Section 1 (as amended by Law no. 4928 of 15 July 2003)
“Terrorism is any kind of criminal act committed by one or more persons belonging to an organisation with the aim of changing the characteristics of the Republic as specified in the Constitution, its political, legal, social, secular and economic system, damaging the indivisible unity of the Turkish State and Republic, weakening or destroying or seizing the authority of the State, undermining fundamental rights and freedoms or damaging the internal and external security of the State, public order or general health by using force and violence and methods of pressure, terror, intimidation, oppression or threat.
Section 3
“Offences defined in Articles...168...of the Turkish Criminal Code are terrorist offences.”
Section 7 § 1 (before amendment by Law no.5532 of 29 June 2006)
“Without prejudice to sections 3 and 4 of this Law and the articles 168...of the Criminal Code, those who establish, manage or become members of an organisation as defined under section 1 of this Law shall be punished by a term of imprisonment of from five to ten years.. .Those who aid and abet members of such organisations and spread propaganda on their behalf shall be punished by a term of imprisonment of from one to five years, even if the act in question constitutes a separate offence.”
Section 7 § 1 (as amended by Law no.5532 of 29 June 2006)
“Those who establish, manage or become members of a terrorist organisation in order to commit crime to carry out the purposes stated under Section 1, by using force and violence, and by means of exerting pressure, fear, intimidation or threats, shall be punished in accordance with the provisions of Article 314 of the Turkish Criminal Code.
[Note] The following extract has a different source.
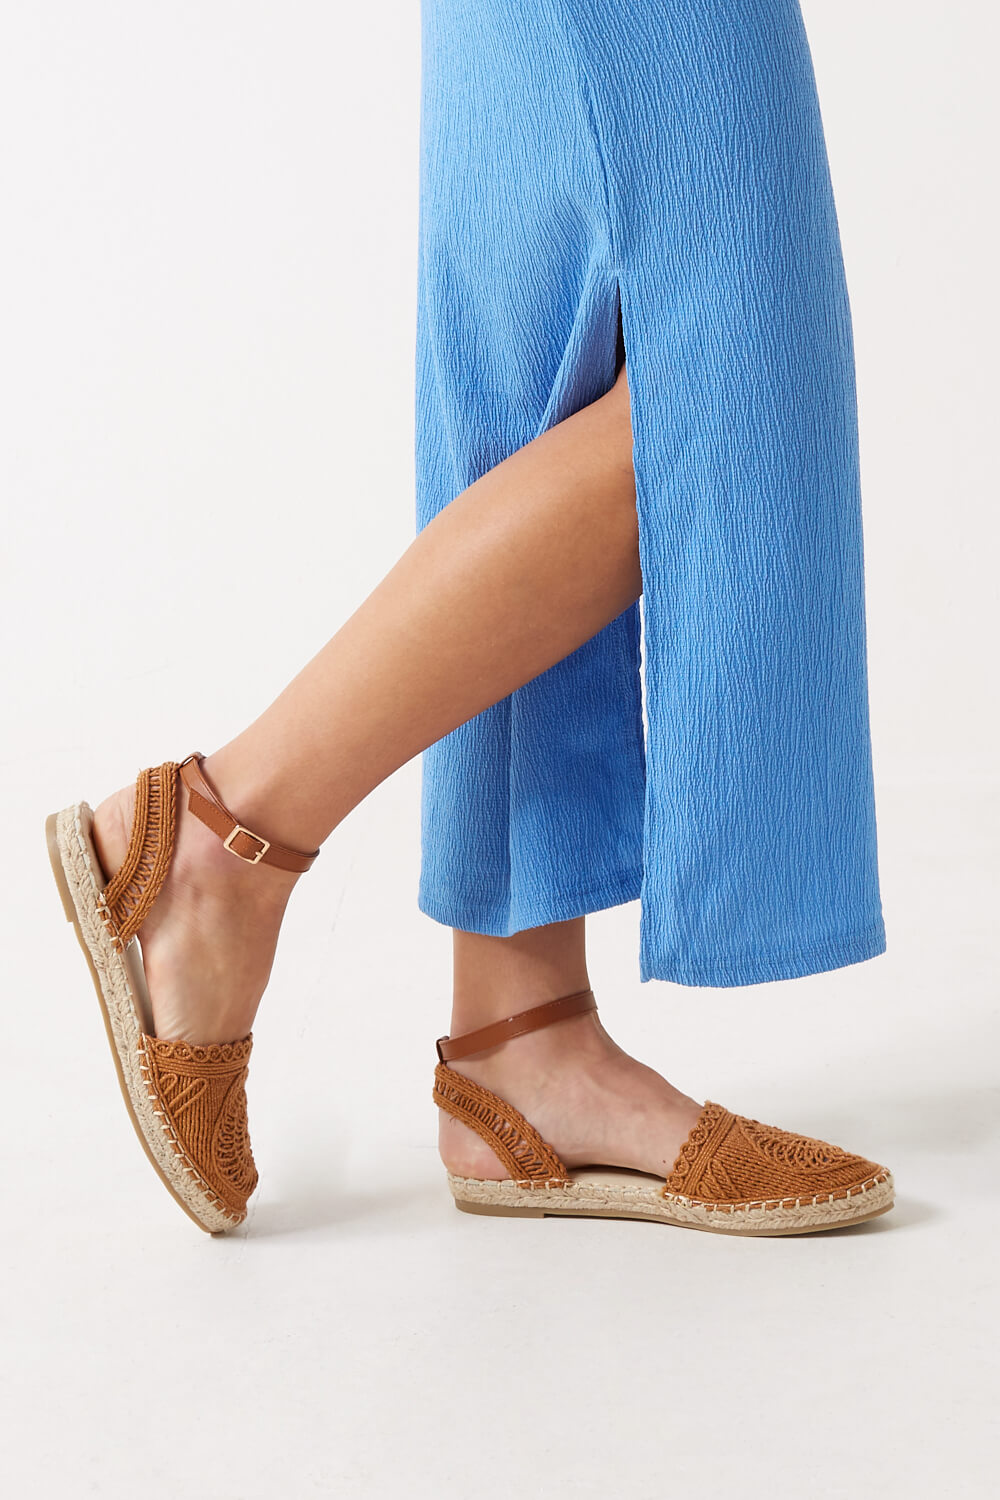 Efashion Paris Holly Crochet Espadrille Sandals in Camel | iCLOTHING ...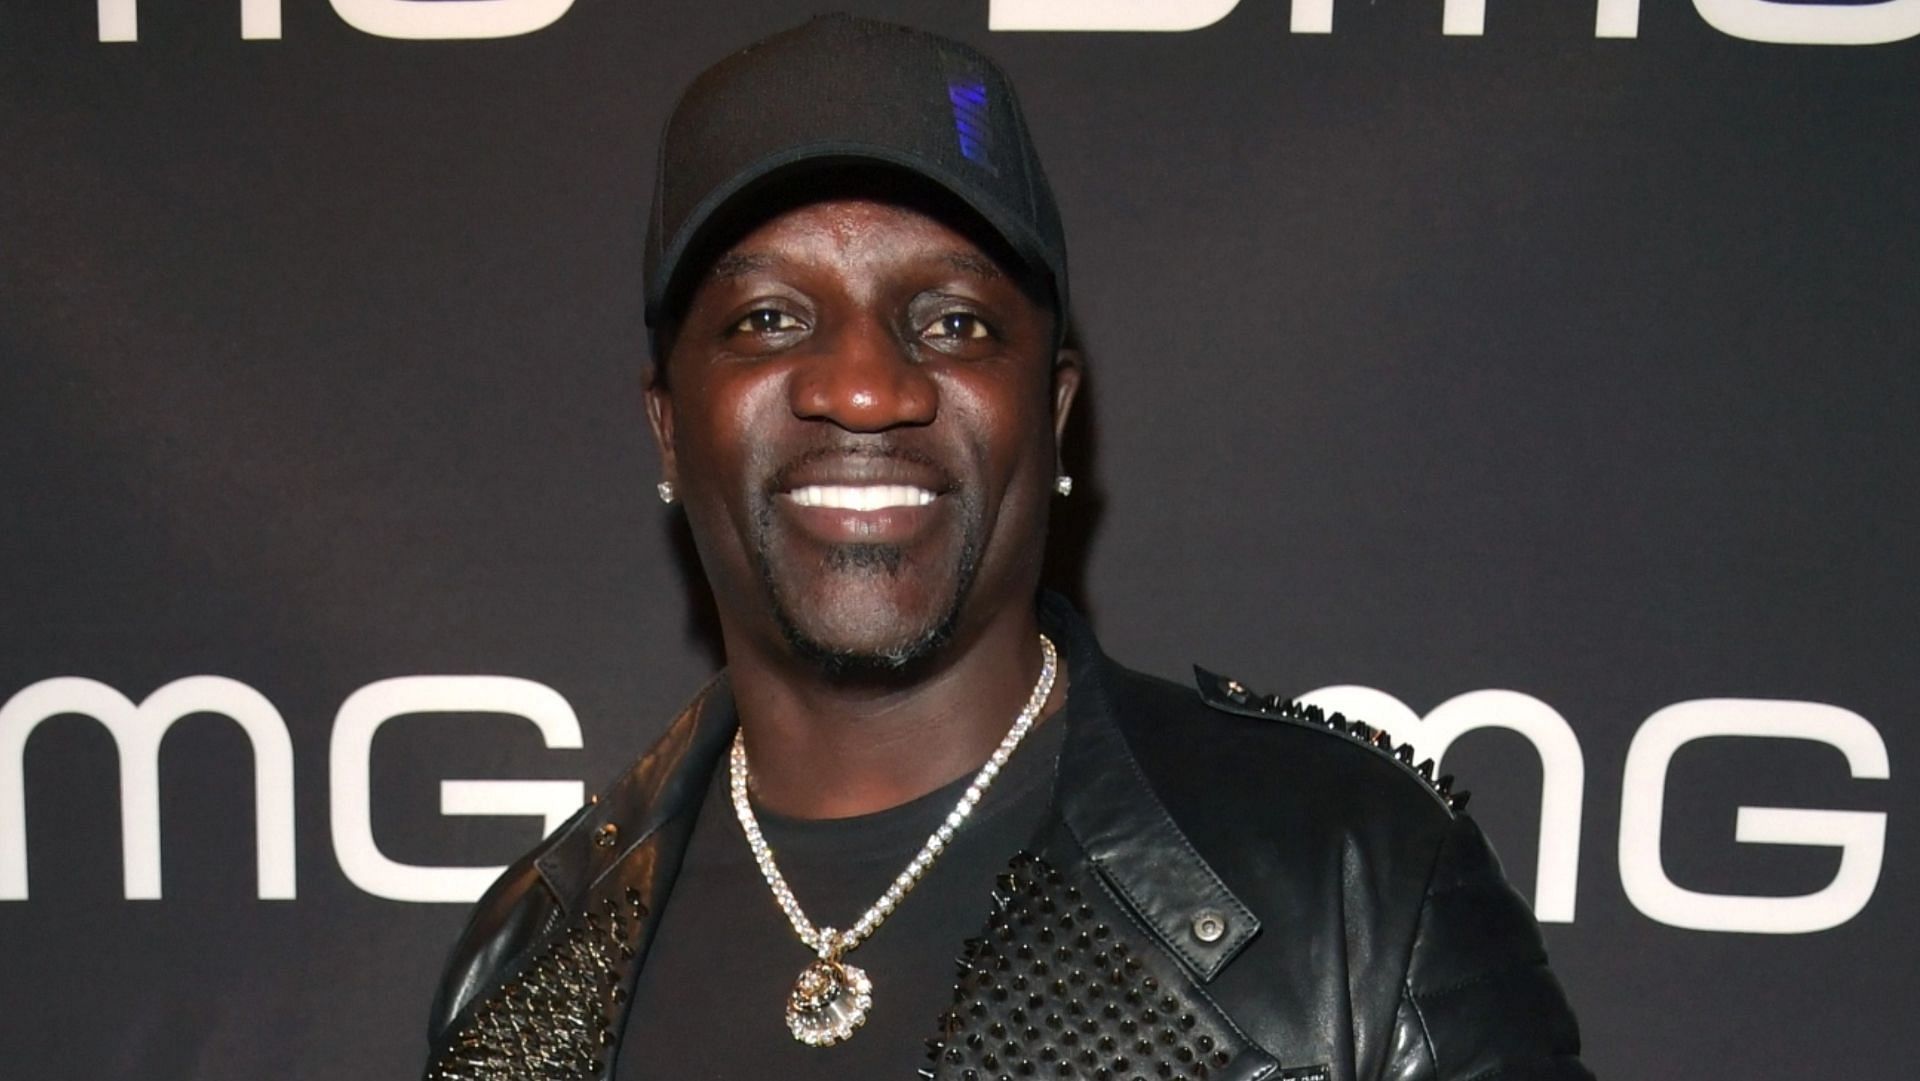 Akon was previously slammed online for supporting Nick Cannon

Those who organise the activities of the organisation shall also be punished as managers of the organisation.”
4. The relevant provision of the Passport Act (Law no. 5682) at the material time concerning the travel ban
Section 22
“... no passport or other travel document shall be issued to any person prohibited from leaving the national territory by virtue of a judicial decision ...”
COMPLAINTS
The applicants complain under Articles 7, 10 and 11 of the Convention that their conviction lacked basis in law as the domestic courts ’ extensive interpretation of the relevant provisions of Law no. 3713 ran contrary to the principle of nullum crimen sine lege and thus infringed their right to freedom of expression and association.
The second applicant complains under Article 8 that the travel ban imposed on him during the course of the proceedings was disproportionate and contravened his right to respect for his private and family life, as he was prevented from going back to Germany where his life, including his residence, family, professional activities as well as medical and social cover were based.
QUESTIONS
1. Did the acts for which the applicants were convicted constitute a criminal offence under national law at the time when they were committed, as envisaged by Article 7 of the Convention? In particular, was the İzmir Assize Court ’ s interpretation of the documentary evidence as constituting ‘ psychological coercion ’ foreseeable within the meaning of the relevant provision of the Law no. 3713? The Government are invited to submit relevant case-law of the domestic courts where they have resorted to the concept of “psychological coercion” within the context of sections 1 and 7 of Law no. 3713.
2. Has there been an interference with the applicants ’ freedom of expression, in particular their right to receive and impart information and ideas within the meaning of Article 10 § 1 of the Convention?
If so, was that interference prescribed by law and necessary in terms of Article 10 § 2?
In particular, which documents were taken as the basis in the applicants ’ conviction and which of those were found to have been disseminated by the applicants in the public sphere?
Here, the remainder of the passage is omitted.